:: SUPPLIED RECORDS

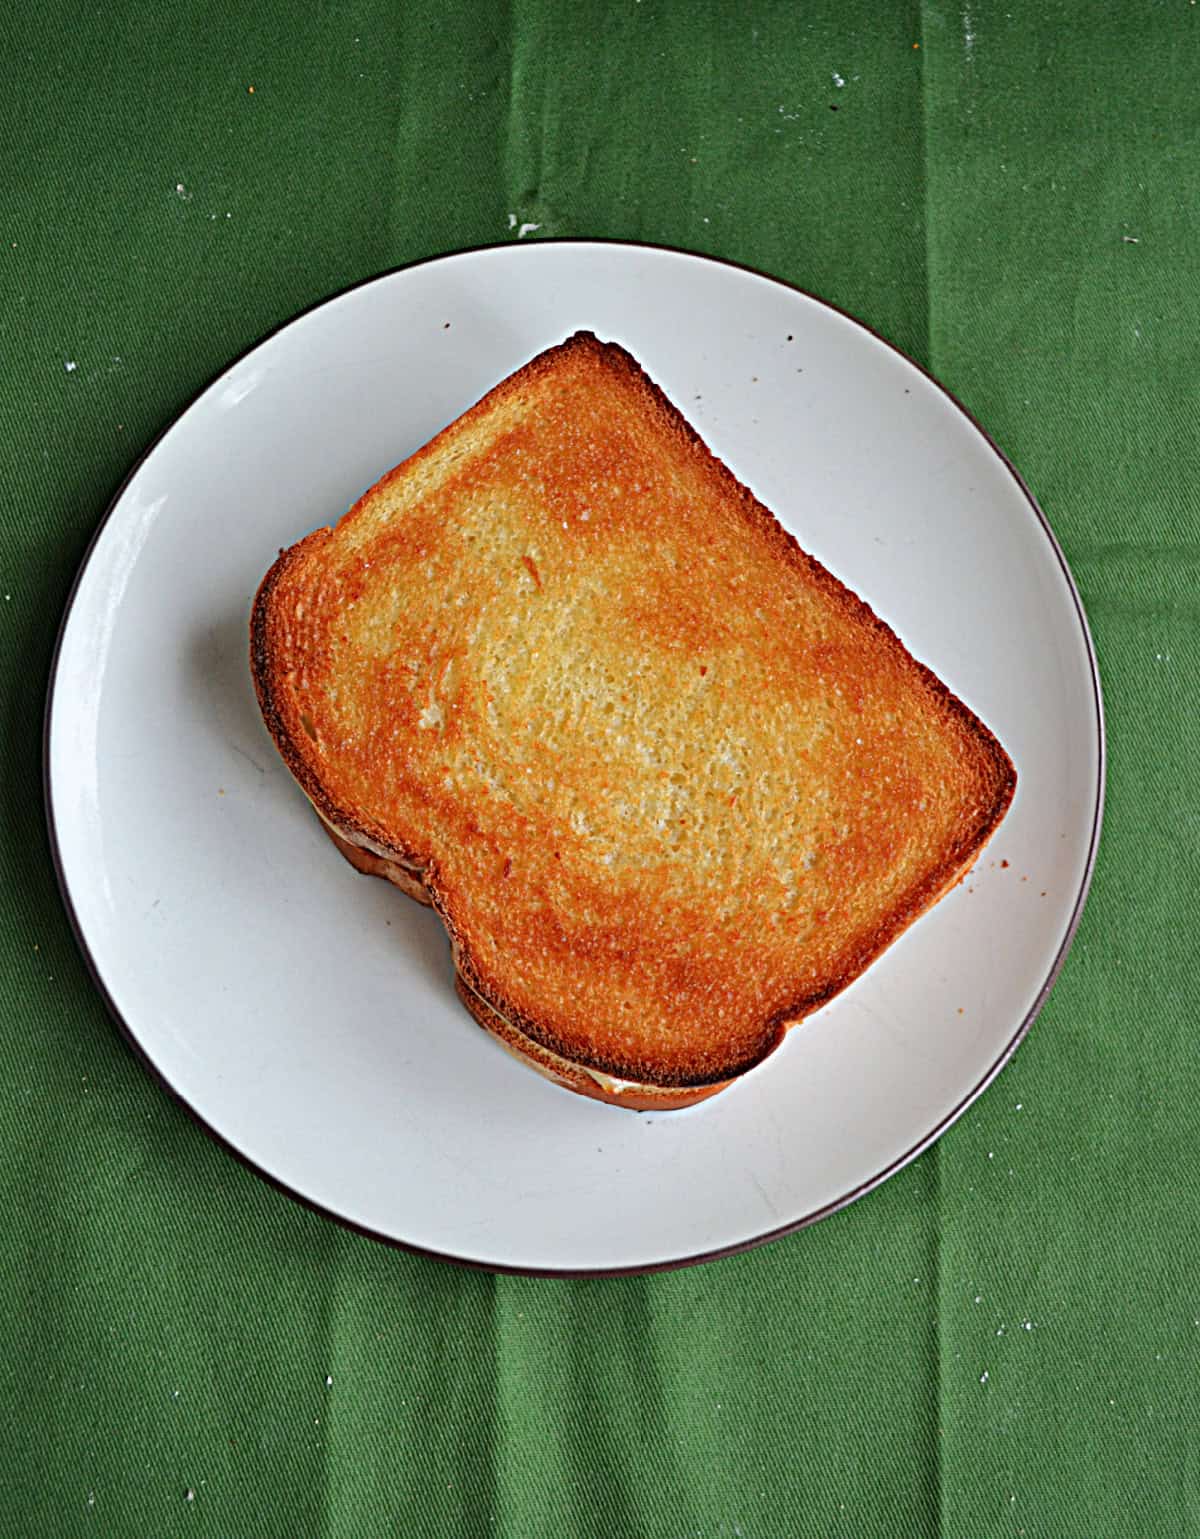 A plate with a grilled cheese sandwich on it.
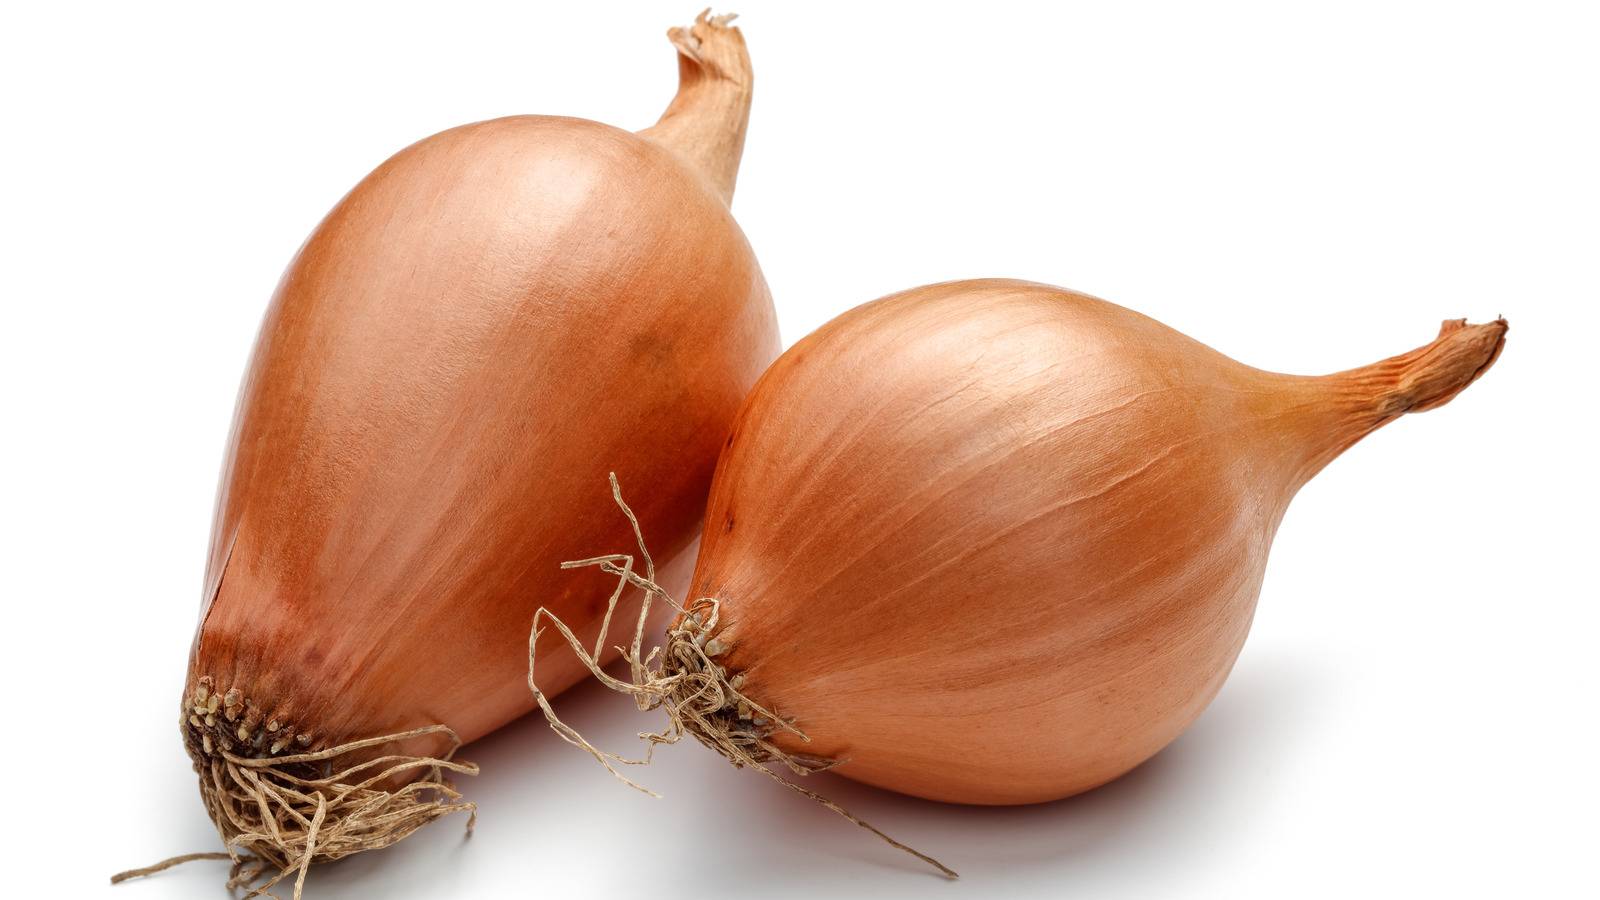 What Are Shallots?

::::
:: SUPPLIED RECORDS

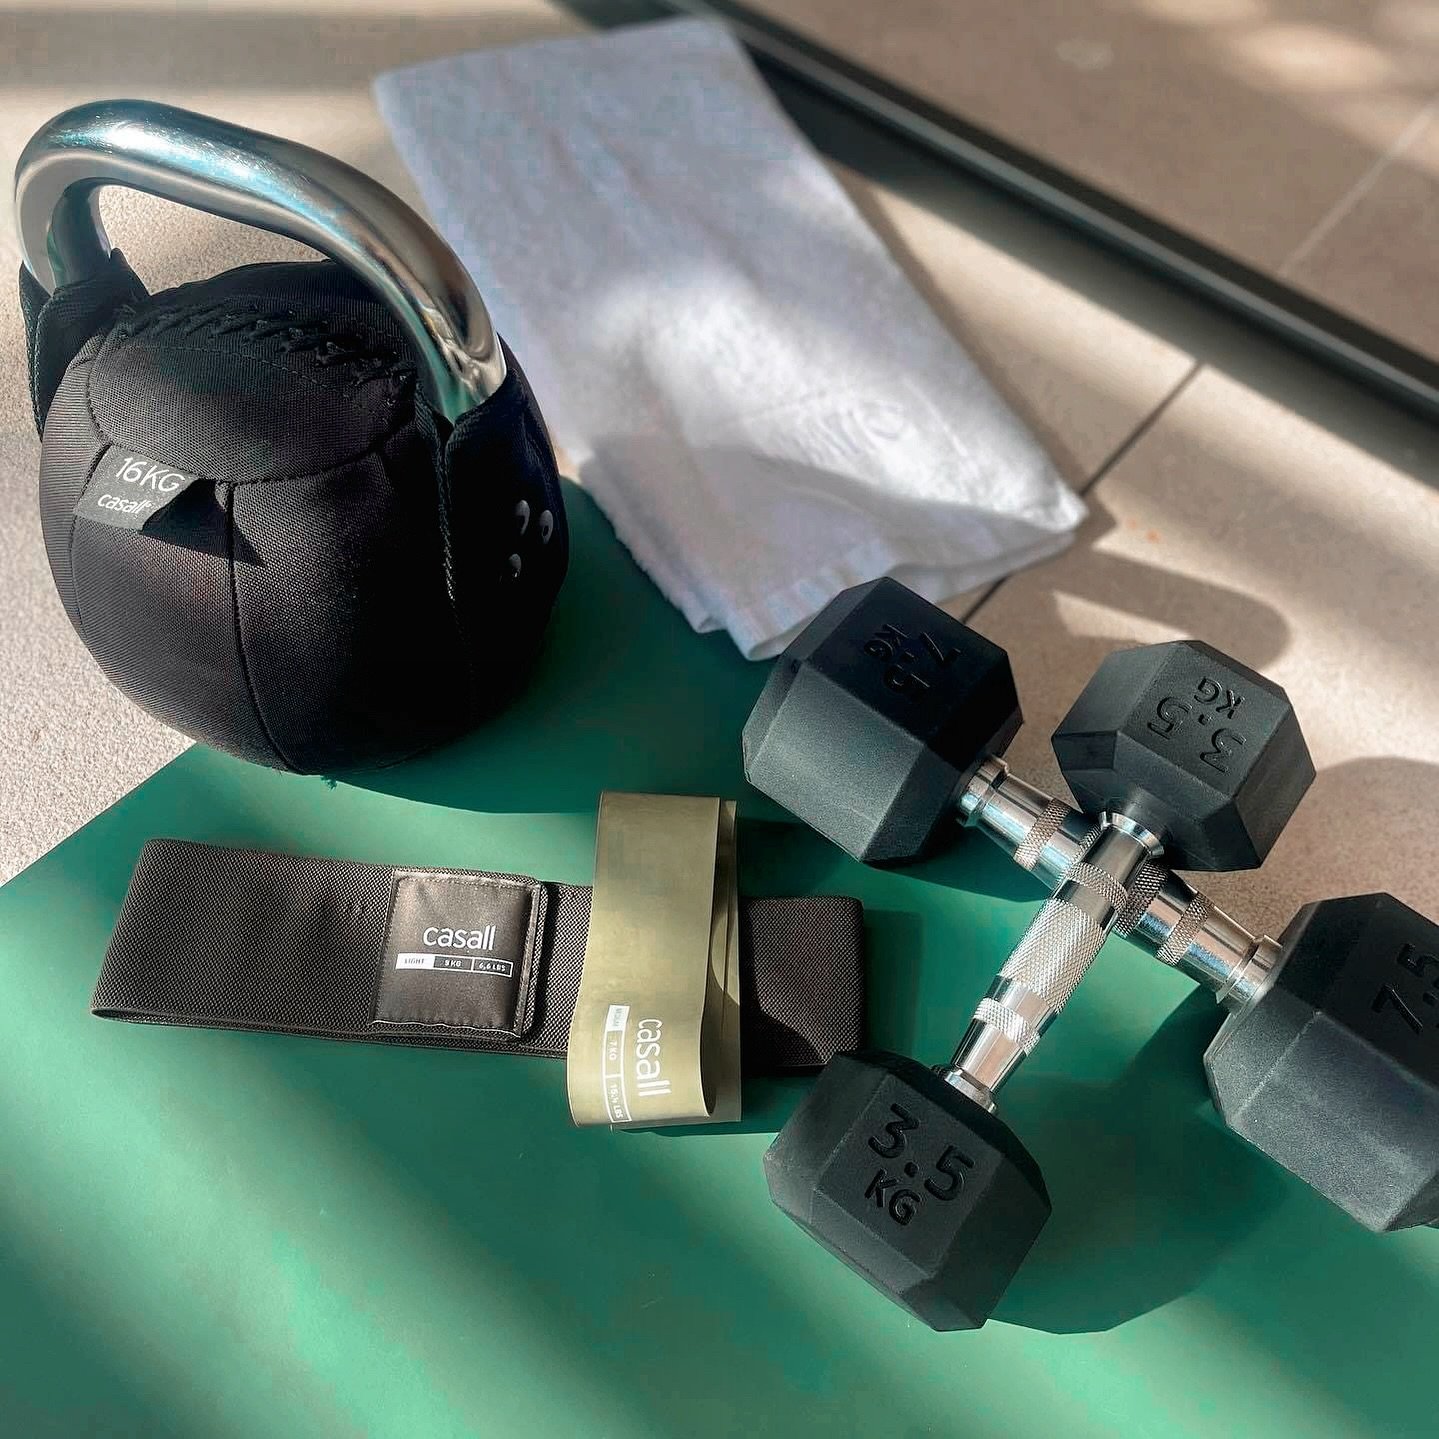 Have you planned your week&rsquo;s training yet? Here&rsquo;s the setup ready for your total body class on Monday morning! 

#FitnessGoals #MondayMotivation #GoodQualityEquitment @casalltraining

::::

▸ **EXERCISE INSTRUCTIONS**: Only one part of the material above is wanted: the lines from the one with "A plate with" up to and including the one with "What Are Shallots?". Please copy them exactly, pictures left out.

▸ **EXERCISE RESULT**:
 A plate with a grilled cheese sandwich on it.
 What Are Shallots?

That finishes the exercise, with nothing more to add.